Just finished watching Stranger Things on Netflix, and it is fantastic. By now you’ve probably heard that it is a nostalgic throwback to 1980’s cinema, and you’ve probably heard people name-drop Steven Spielberg, Stephen King, and John Carpenter when describing it. This is all true; we have a host of Speilbergian characters, a plot that could have come from a King or Koontz novel, and a score that Carpenter could have written. Even the title font is lifted directly from those Signet paperbacks that crowded the rack on the corner drugstore circa 1985. But leaving it at that (as awesome as that description is) is really selling this series short.

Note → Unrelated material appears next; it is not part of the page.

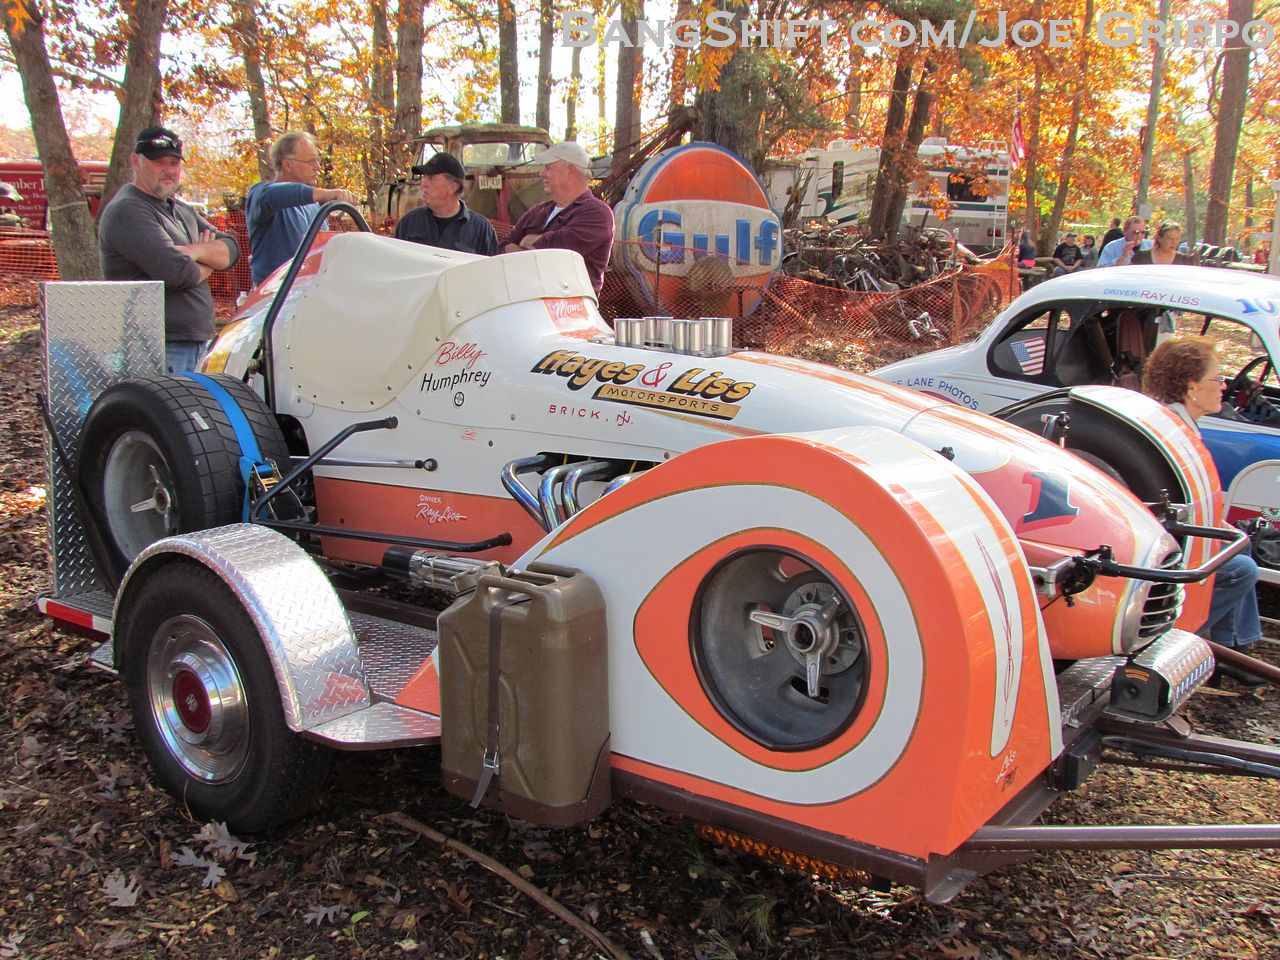 Flemings Junkyard Pumpkin Run 2013 Show Cars And

First off, the series works on its own terms even if you could care less about the nostalgia factor. The acting is stellar on all counts, especially the kids’ ensemble. You care about all these people and what they’re going through. Second, while some critics might complain about the plot being simple, derivative, and “stuff we’ve seen before,” that isn’t necessarily a bad thing. Most of the story beats in Lethal Weapon were already well-worn by 1987. Halloween’s story can fit on a postcard and leave room to list the cast and crew. Tarantino’s complete oeuvre is derivative of classic 70’s exploitation films. Stranger Things takes a basic story, a host of genre tropes, and a deep knowledge and affection for a particular era of filmmaking, and executes it so well that one half-expects the show to be followed by a VH1 “Where-are-they-now” documentary focusing on the child actors, now in their forties. I’d go one further and say that, unlike Tarantino’s work, Stranger Things fits seamlessly amongst is influences, less as a modern child, and more as a belated-but-contemporary sibling.

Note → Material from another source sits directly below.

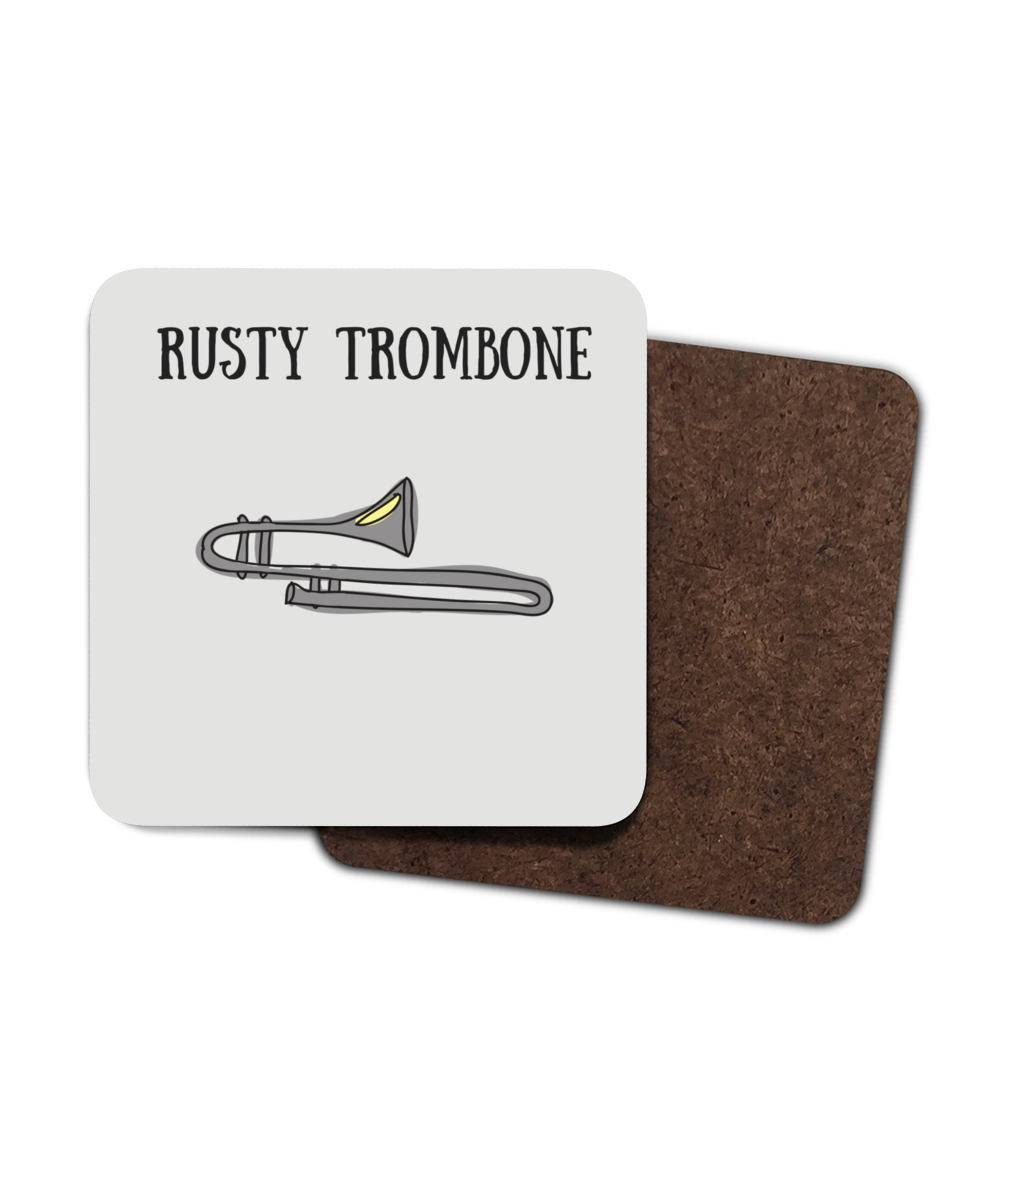 rusty trumpet urban dictionary

Also, those who critique the tropes and homages miss one of the more impressive bits of writing alchemy here. This isn’t just one story, but three distinct stories braided together. Or, really, the same story from three different points-of-view and three different genres. You have the Speilbergian kids story where they take in the “alien” stranger who might have a connection to their missing friend. You have the adults, the grieving mother and the alcoholic Sheriff, caught in a government conspiracy over sinister Cold-War CIA experiments reminiscent of early King, Firestarter in particular. Then you have the teens caught in a monster movie/creature feature that bears more than a passing similarity to A Nightmare on Elm Street. All three levels work and the plot gears mesh seamlessly. When the separate braids join up in the end, there’s no question that all the story parts hang together. If you want a case study in how to successfully mash-up an arbitrary number of diverse story elements into one work, Stranger Things couldn’t be a better example.
IMHO, this is the best thing to come out of Netflix since Jessica Jones.